3. Plaintiff shall be entitled to lifetime medical treatment as a result of the compensable May 3, 1994 accident pursuant toHyler v. GTE Products Co., 333 N.C. 258, 425 S.E.2d 698 (1993), but only for treatment which is shown to relate to the compensable accident, and not for the pre-existing back, neck and arm condition.
4. Defendant shall pay the costs.
This case is ordered REMOVED from the Full Commission docket.
This the 6th day of February, 1997.
S/ ____________ J. HOWARD BUNN, JR. CHAIRMAN
CONCURRING:
S/ ____________ DIANNE C. SELLERS COMMISSIONER
DISSENTING:
S/ ____________ THOMAS J. BOLCH COMMISSIONER
JHB/nwm
02/03/97
Filed Date: 4/23/97
This is another case that does not fit into a neat little box.
The medical evidence supported Plaintiff until Defendant threw up the smokescreen of five pages of stipulated "medical records" from a visit to a chiropractor on 16 March 1994, less than 60 days prior to the admitted injury by accident of 3 May 1994. Plaintiff testified and argues that this visit to the chiropractor resulted from a free coupon printed in the local paper and that, had the visit not been free, he would not have gone and did not need the chiropractor's services. If true, this means that plaintiff's prior back injuries were asymptomatic prior to this admittedly compensable accident and the medical testimony then supports plaintiff's claim to continuing disability. Plaintiff testified that the information he supplied on the chiropractor's form related to soreness he was then feeling from working on hardwood floors and did not relate at all to prior injuries. The form itself appears to corroborate this in that a distinction was made between present conditions and past conditions and plaintiff related most of his pain to present conditions. The form asked, "Major complaint:" and the answer given was "neck back `lower'". It also asked "How long have you has (sic) this condition?" and the answer was "30 years". Plaintiff correctly noted that 30 years prior he was 12 years old and that if he had been suffering in his "neck back `lower'" for 30 years it had not stopped him from working until the 3 May 1994 accident. All the Full Commission has to judge the matter is the transcript of the hearing before the Deputy Commissioner and the argument made by plaintiff before the Full Commission.

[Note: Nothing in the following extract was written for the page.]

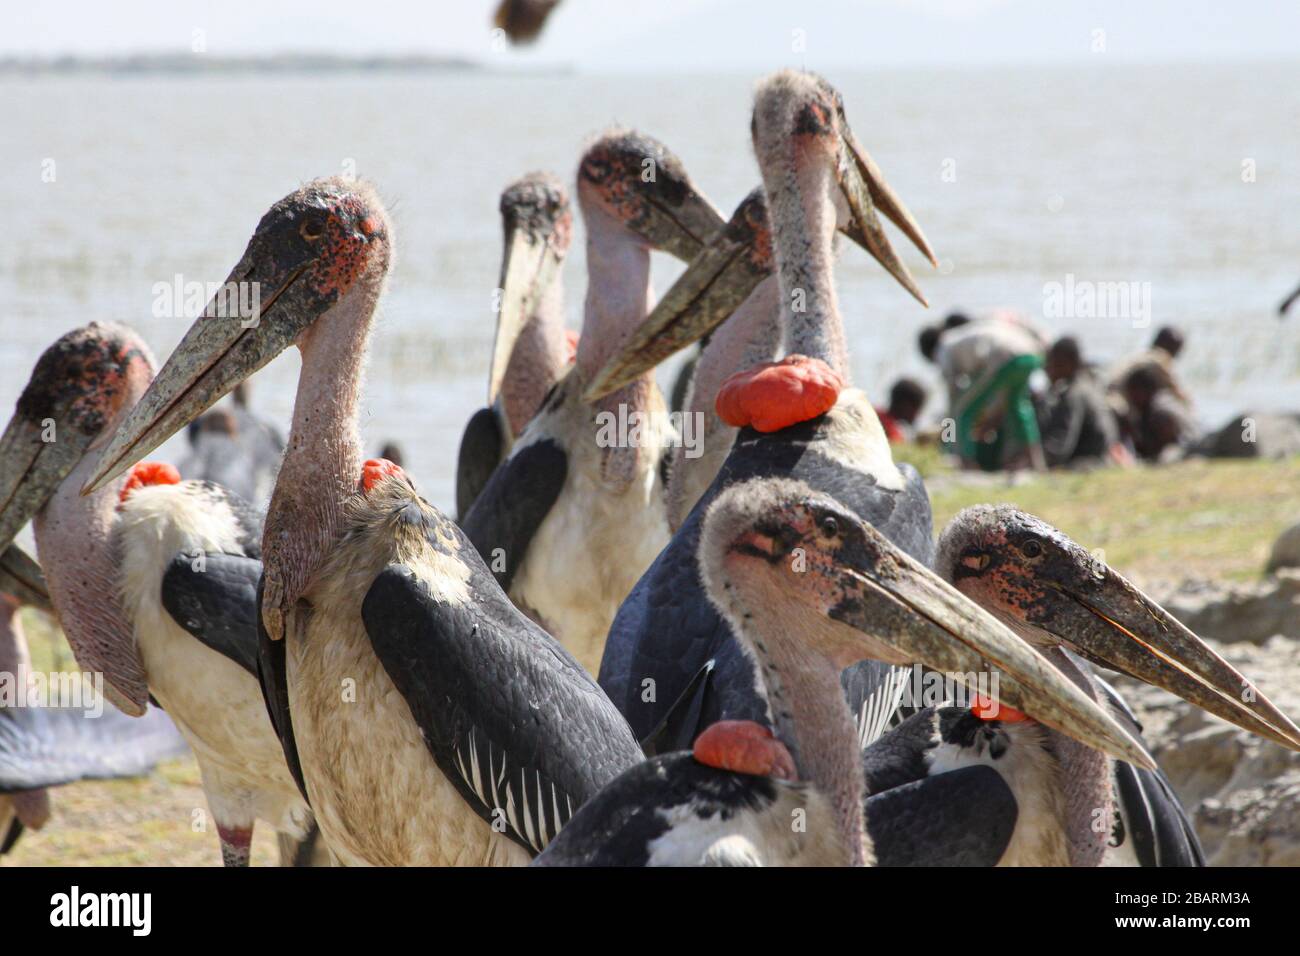 Marabou Storks, (Leptoptilos crumeniferus), wade in the water. This large stork is found it sub-Saharan Africa. It specialises in scavenging, competin Stock Photo
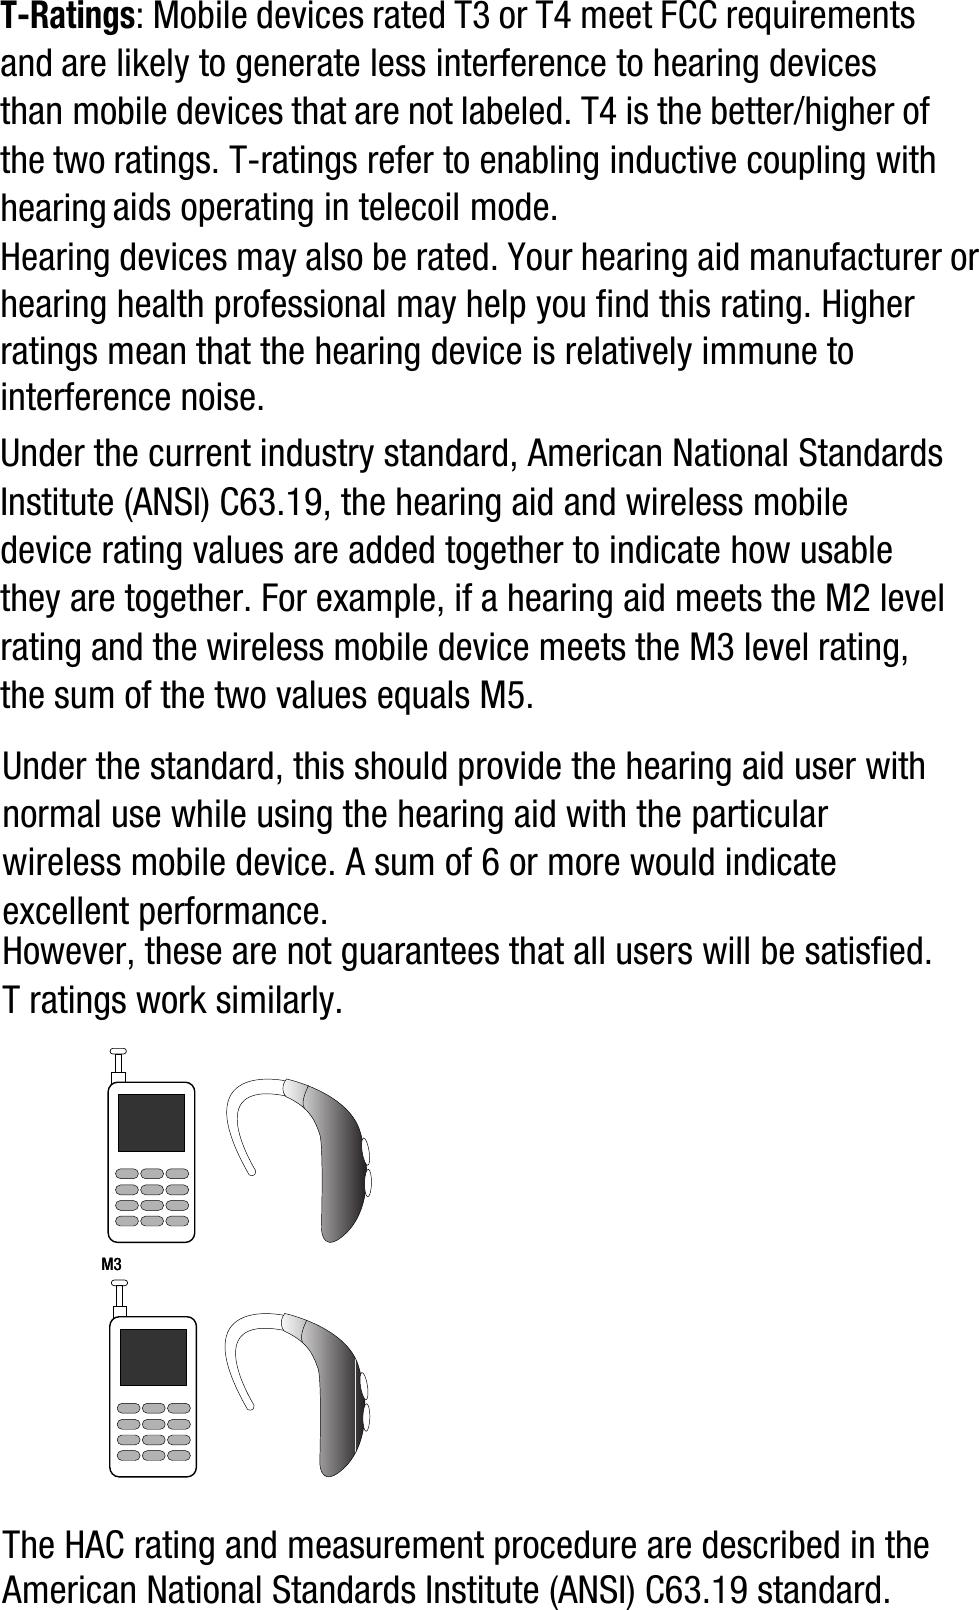 T-Ratings: Mobile devices rated T3 or T4 meet FCC requirements and are likely to generate less interference to hearing devices than mobile devices that are not labeled. T4 is the better/higher of the two ratings. T-ratings refer to enabling inductive coupling with hearing aids operating in telecoil mode.Hearing devices may also be rated. Your hearing aid manufacturer or hearing health professional may help you find this rating. Higher ratings mean that the hearing device is relatively immune to interference noise. Under the current industry standard, American National Standards Institute (ANSI) C63.19, the hearing aid and wireless mobile device rating values are added together to indicate how usable they are together. For example, if a hearing aid meets the M2 level rating and the wireless mobile device meets the M3 level rating, the sum of the two values equals M5. Under the standard, this should provide the hearing aid user with normal use while using the hearing aid with the particular wireless mobile device. A sum of 6 or more would indicate excellent performance.  However, these are not guarantees that all users will be satisfied. T ratings work similarly.The HAC rating and measurement procedure are described in the American National Standards Institute (ANSI) C63.19 standard.    M3       M3

Before I give any credence at all to the "medical record" supplied by the chiropractor's office I would want to know from the chiropractor whether there was a free visit coupon advertisement and just what the chiropractor remembers about the visit. This was a pro se case and the chiropractor was not called to testify and yet the whole finding of the Deputy Commissioner hinges on this chiropractor visit.
I firmly believe that the Commission has a duty in a case like this to make inquiry itself about the missing pieces of the puzzle. My vote is for this panel of the Full Commission to hold a further hearing to which the chiropractor will be subpoenaed and to which the plaintiff will be invited to research, obtain and present the chiropractor's coupon. After the puzzle has been completed the facts may support the Deputy Commissioner's Opinion and Award or they may not. Our job is not done until the puzzle is completed.
My vote is to reopen the record and for the Full Commission panel itself to conduct further fact finding.